閉じたコイルを磁界の中に置き、外側の磁石を時計方向に回転させます。
すると、コイルに誘導電流が流れます。電流が流れると、磁界と作用してコイルに力が発生ます。
1-3. ACモーターの動作原理1(アラゴの円板)と同じように、コイルは磁石と同じ方向に回転を始めます。

実際のローターは、回転力を効率よく取り出せるよう、複数のコイルが重なり合っています。

図:実際のローター

アルミと鉄を使い、複数のコイルが重なり合ったローターを、かご型ローターと呼びます。
かご型ローターでは、アルミ部分に電流が流れます。

1-4-2. 回転磁界(単相電源・三相電源)

ステーターがローターの周りを回転することで、ローターが回転します。この回転する磁界を回転磁界と呼びます。
ACモーターがどのように回転磁界を発生させているのか、説明します。

単相電源の場合―コンデンサを利用した位相のずれ

単相電源で駆動するモーター内部には、主巻線と補助巻線の2つの巻線があります。

図:単相電源で駆動するモーター内部の主巻線と補助巻線

主巻線は電源に、補助巻線はコンデンサを介して電源に接続します。
主巻線には電源からの電流が直接流れます。対して、補助巻線にはコンデンサを介した電流が流れます。
単相電源で運転する場合には、進相コンデンサを使ってニ相電源に近い波形を作り出し、回転磁界を発生させています。

図:コンデンサを利用した位相のずれ

単相電源を接続すると、①~④の現象を繰り返します。

主巻線に電圧がかかり、補助巻線には電圧がかかりません。主巻線の磁極に、N極とS極が発生します。
補助巻線に電圧がかかり、主巻線には電圧がかかりません。補助巻線の磁極に、N極とS極が発生します。
主巻線に電圧がかかり、補助巻線には電圧がかかりません。主巻線の磁極に、①のときと反対の磁極が発生します。
補助巻線に電圧がかかり、主巻線には電圧がかかりません。補助巻線の磁極に、②のときと反対の磁極が発生します。

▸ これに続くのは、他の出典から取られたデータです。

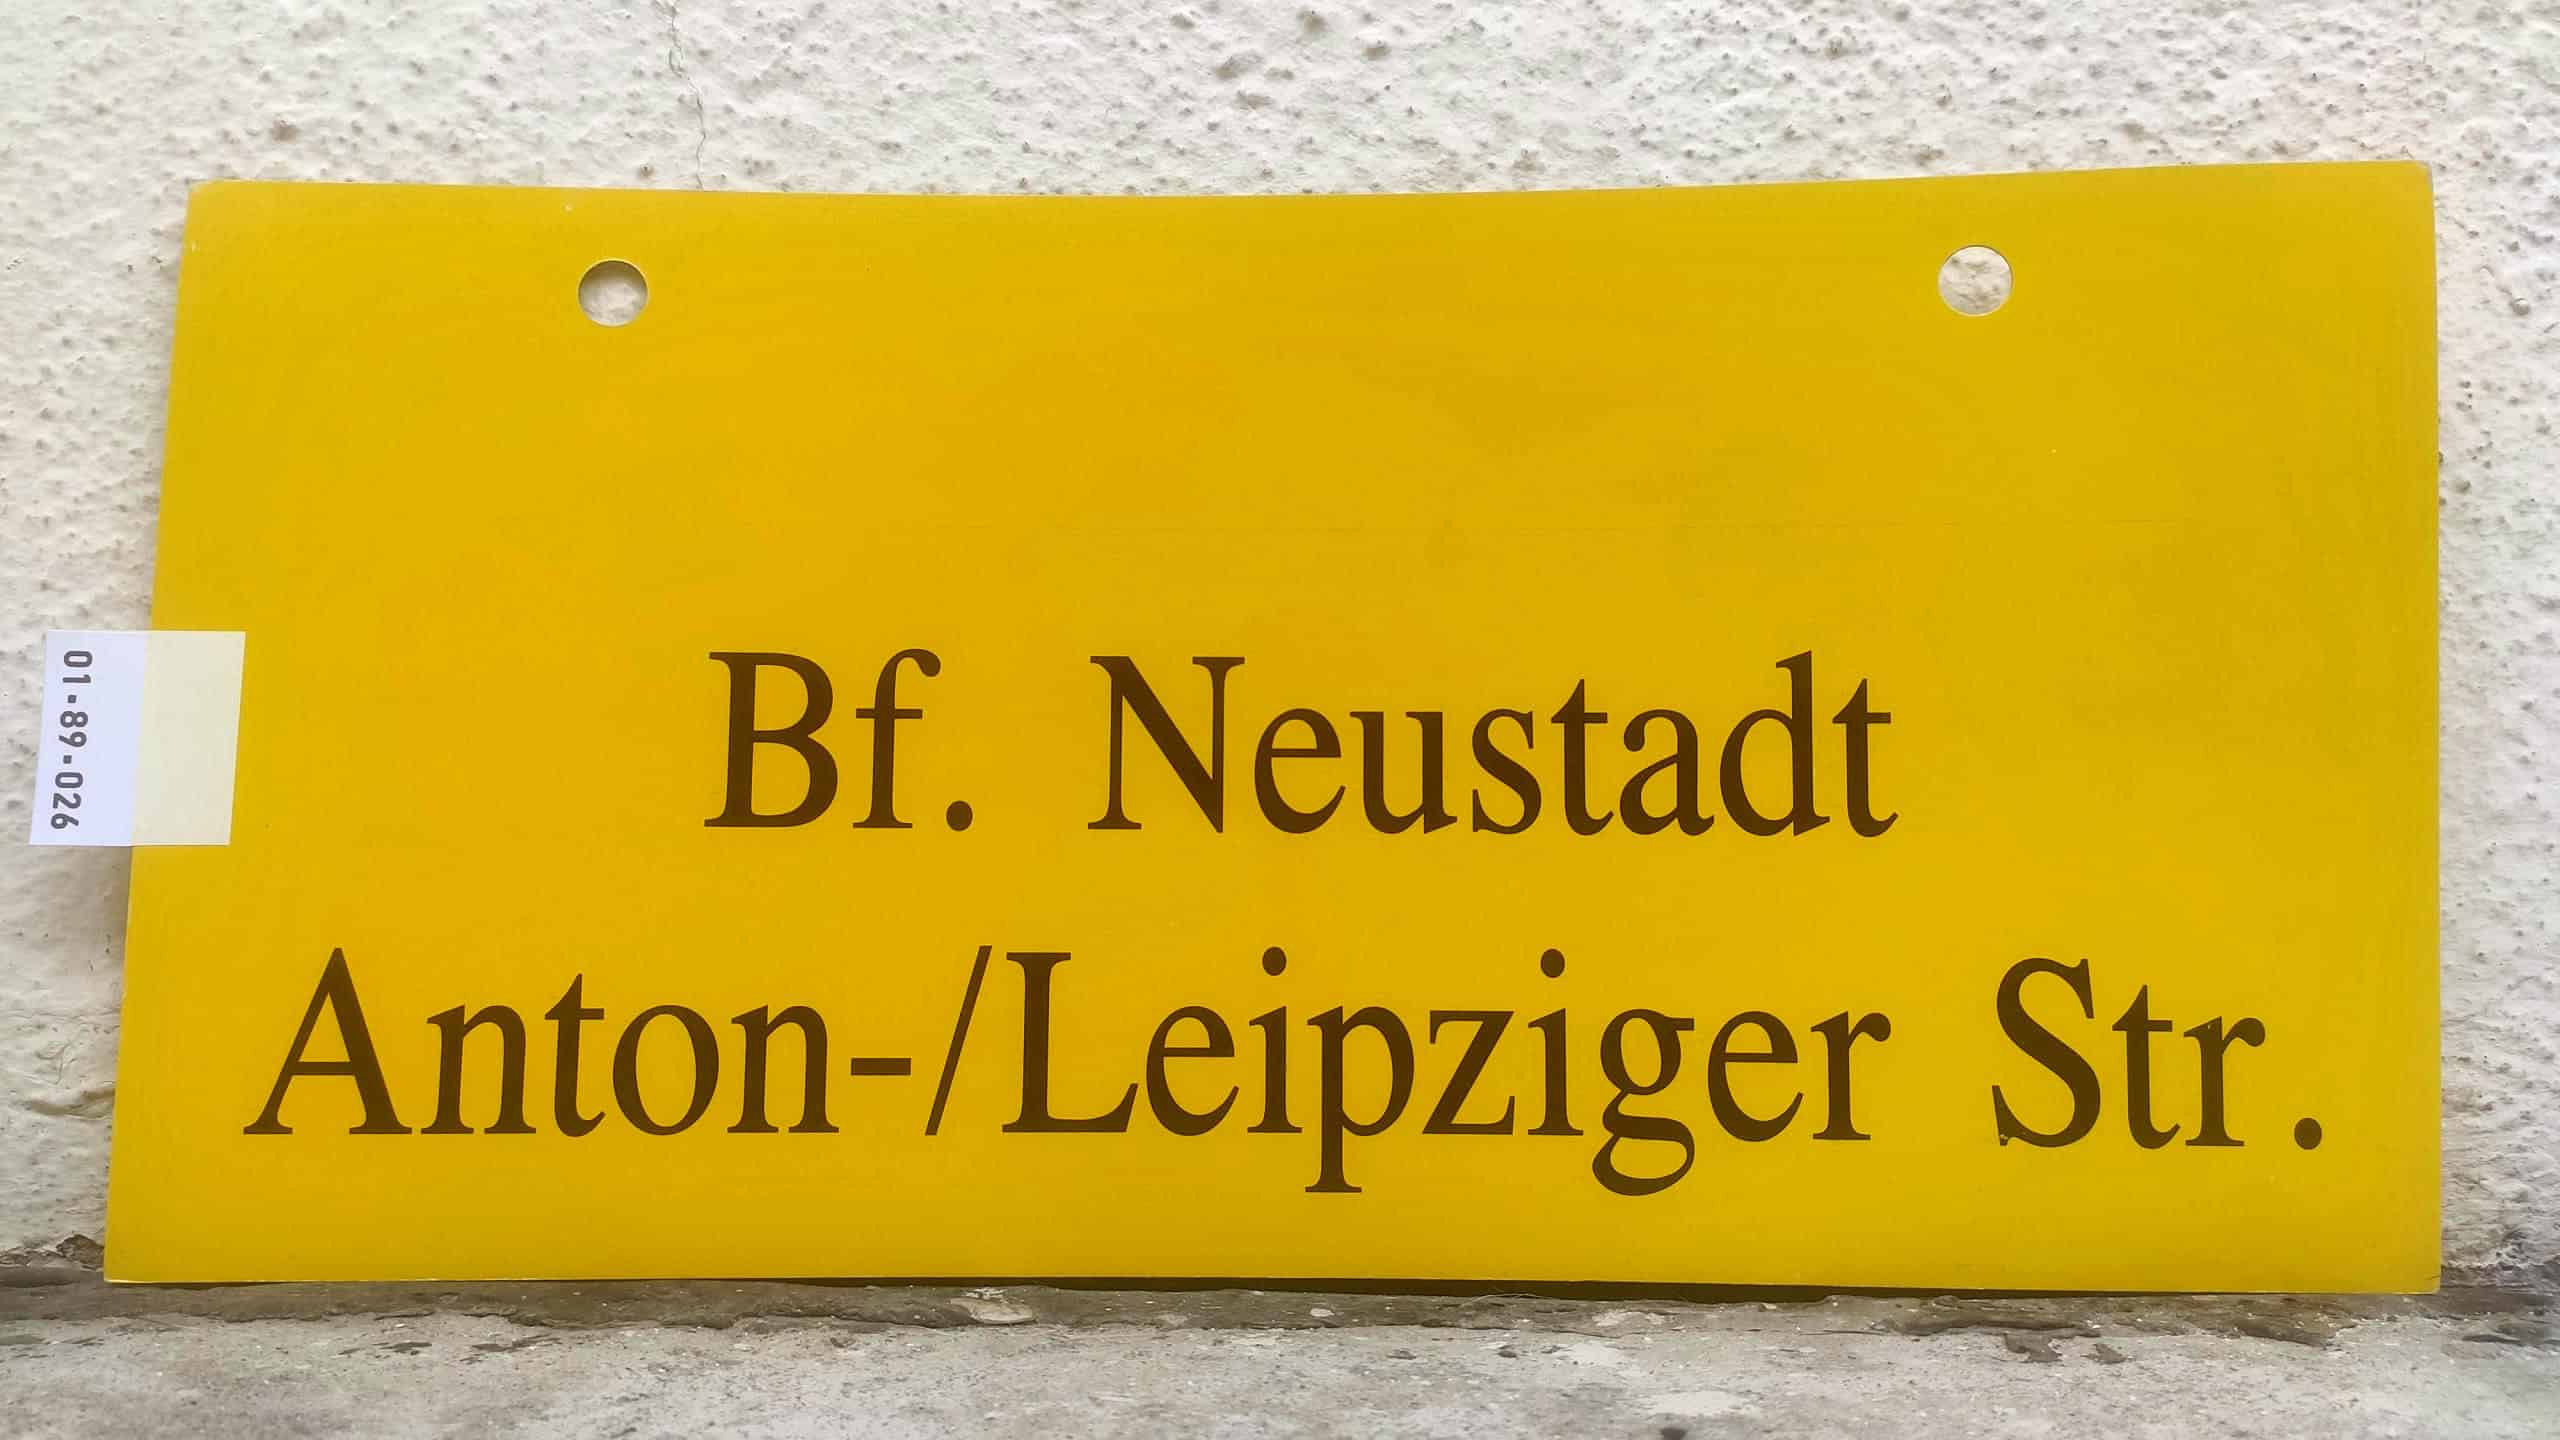 Bf. Neustadt Anton-/Leipziger Str.

このように、ステーターに発生する磁界は、右向きに回転するように変化します。

関連情報

ACモーターの取り付け、配線について、当eラーニングの後半に動画をご用意しています。

三相電源の場合―電源の位相のずれ

単相モーターでは、主巻線、補助巻線の2つの巻線がありましたが、三相モーターでは3つの巻線で構成されています。
それぞれ電源側をU、V、Wとすると、U-V間、V-W間、W-U間の3通りです。これらの巻線を、電源に直接接続します。

図:三相モーターの3つの巻線

三相電源のU・V・Wの電源ラインでは、位相が120°ずれています。
この位相のずれを活用して回転磁界を作り出すため、単相のようなコンデンサの接続は不要です。

図:電源の位相のずれ

関連情報

ACモーターの取り付け、配線について、当eラーニングの後半に動画をご用意しています。

まとめ

ACモーターは、ステーターに回転磁界を作り出すことによって回転する。